《清明风物中的生命叩问》

《清明二绝·其二》 相关学生作文

暮春的风卷过街市,将人声车马声揉碎了抛向天际。我坐在窗前读陈与义的《清明二绝·其二》,忽然被第二句击中——“病夫危坐了清明”。那个七百年前抱病独坐的诗人,与此刻困于课业重压中的我们,隔着一纸泛黄的诗页,完成了穿越时空的对望。

诗的开篇便不同凡响。清明时节本该是“路上行人欲断魂”的哀戚,或是“春城无处不飞花”的绚烂,诗人却以“卷地风抛市井声”起笔。一个“抛”字,让无形的风有了形质,仿佛能看到它任性恣意地将人间喧嚣高高扬起又随意丢弃。这让我想起每个课间十分钟:走廊上的嬉闹声、篮球撞击地面的砰砰声、教室里纷杂的谈笑声,所有这些声音都被时间的风卷着,最终抛进记忆的角落。诗人以病体感知世界,反而获得了超乎常人的敏锐——他能听见风摆弄声音的姿态,能看到夕阳被帘栊一寸寸收尽的进程。

最耐人寻味的是“危坐”二字。古人危坐,是敛衽端坐,是对天地自然的敬畏,也是对自我生命的郑重。当诗人以病体危坐清明,他是在用全部身心参与这个特殊的节气。这让我想到教室里的我们,何尝不是在“危坐”中度过青春?只是我们的“危坐”多了几分被迫,少了几分自觉。但生命意识的觉醒,往往始于这种端然正视的姿态——正视时光流逝,正视生老病死,正视每一个当下不可复得的珍贵。

诗人的观看方式更值得玩味。他不是主动“赏景”,而是被动“看收尽”。一帘之外,晚日自行沉落,仿佛天地间有一双无形的手在卷收光影的画卷。这种观看姿态里藏着深刻的智慧:不强求,不追逐,只是安然见证。

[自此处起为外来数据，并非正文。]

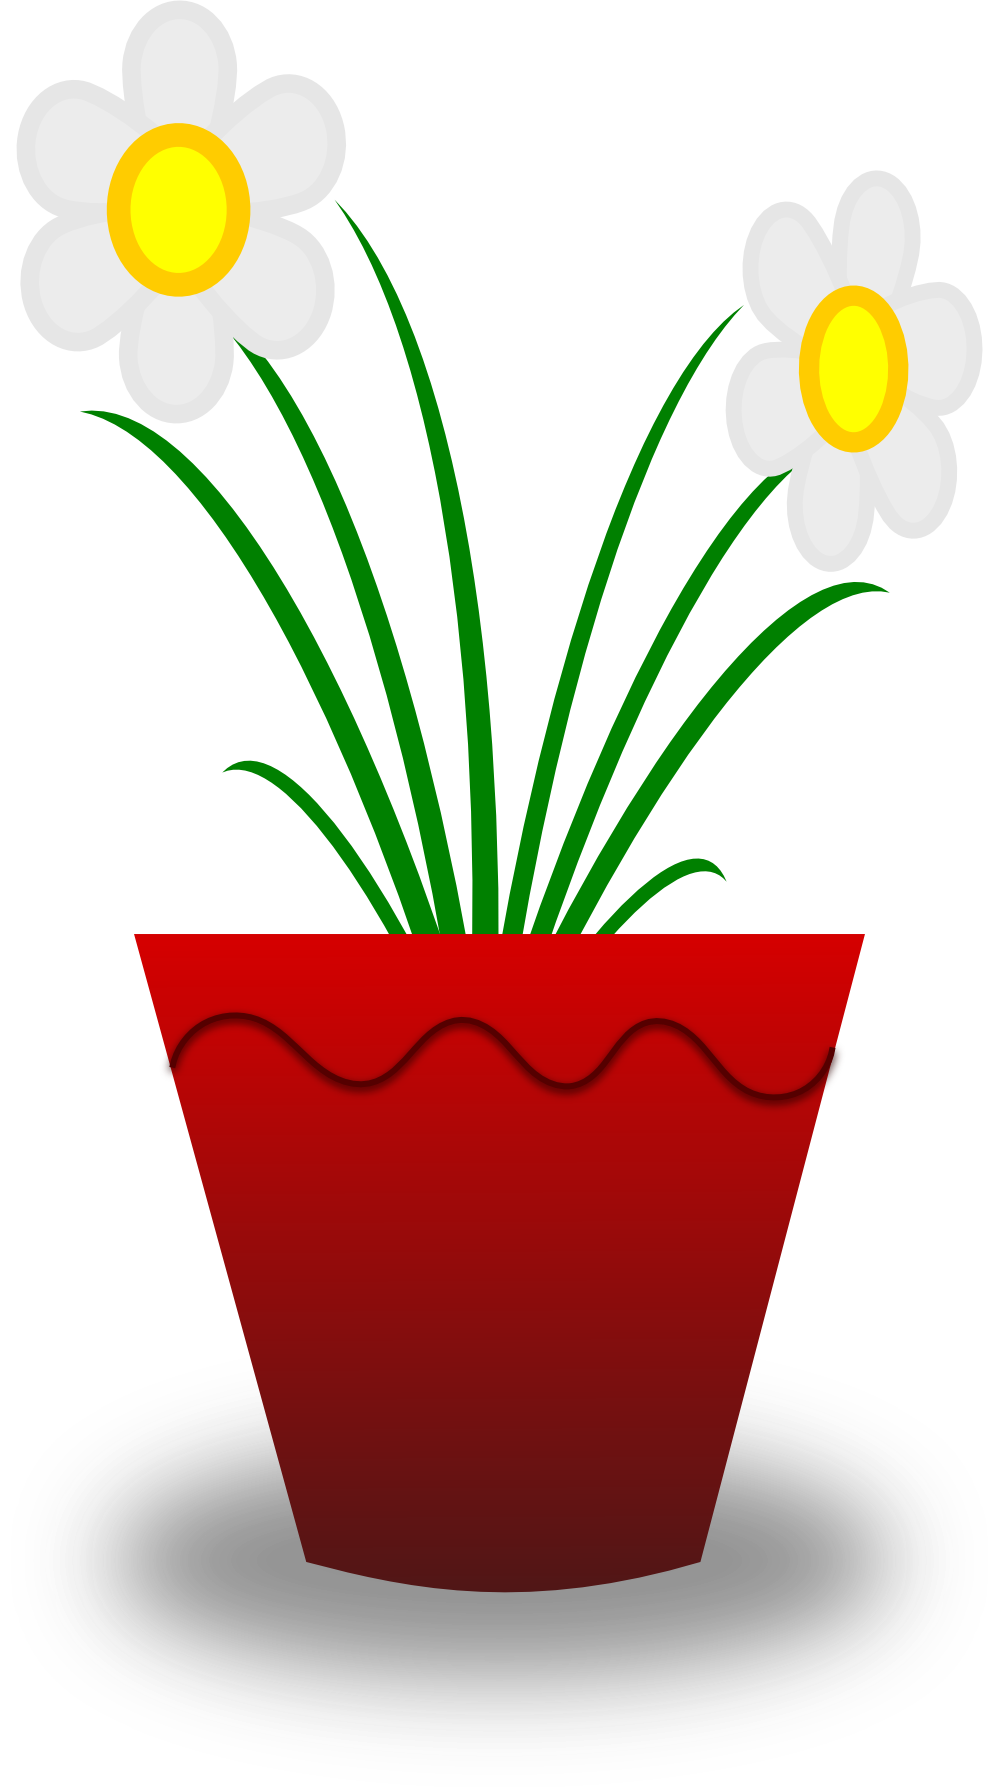 Flower Pots Clip Art - Vector Clip Art Online, Royalty Free ...

反观我们这代人身陷题海,总在拼命抓取什么——分数、排名、认可,却很少能静心观看一朵云的变化,倾听一场雨的节奏。诗人因病得闲,反而获得了现代人求之不得的“沉浸式体验”,成为了清明时节最耐心的见证者。

而诗的转机就在结尾悄然发生——“杨柳微风百媚生”。当夕阳彻底收尽,预期的寂寥并未降临,取而代之的是杨柳在微风中展现的千般妩媚。这哪里是写景,分明是写心境之转!前一刻还是病夫危坐,下一刻却见百媚生机。这种转折启示我们:生命永远在绝望处埋藏转机,在终结处开启新生。就像我们总在考试失利后以为天塌地陷,却不知下一个拐角可能有更好的安排;就像清明本身,既是祭奠死亡的日子,也是庆祝新生的节气。

陈与义这首诗最打动我的,是它呈现了一种完整的生命体验:从喧嚣到宁静,从病弱到生机,从终结到新生。它不回避人生的艰难(病夫),不美化现实的嘈杂(市井声),但最终依然选择了发现美、相信希望。这种态度对我们中学生具有深刻的启示意义——学业压力、成长烦恼、青春困惑,这些都是“卷地风”抛给我们的声音,但我们可以选择“危坐”其间,保持内心的澄明,在适当的距离外观看生活的展开。

读完全诗,掩卷沉思。窗外的风依然卷着市井声,但我的心境已然不同。我尝试学着诗人的样子,不是逃避也不是对抗,而是端然正视这段注定忙碌的青春。也许很多年后回首,会发现这些看似被题海填满的日子,也如那清明时节的杨柳般,在记忆的微风中展现出百种妩媚。生命的清明之境,或许就藏在这种既直面现实又不失诗意的观看之道中。

【教师评语】 本文以独特的青春视角解读古典诗词,展现了中学生对传统文学的深刻感悟能力。作者将古诗意境与现代校园生活巧妙联结,从“危坐”一词生发出对青春生存状态的思考,体现了可贵的思辨精神。文章结构缜密,从听觉、视觉到心灵体验层层推进,最终落点到生命哲学的层面,显示出超越年龄的成熟度。语言典雅而富有张力,对“抛”“收尽”“百媚生”等字词的品读尤为精彩。若能在引用其他古诗文方面更丰富些,古今对话的深度将得到进一步拓展。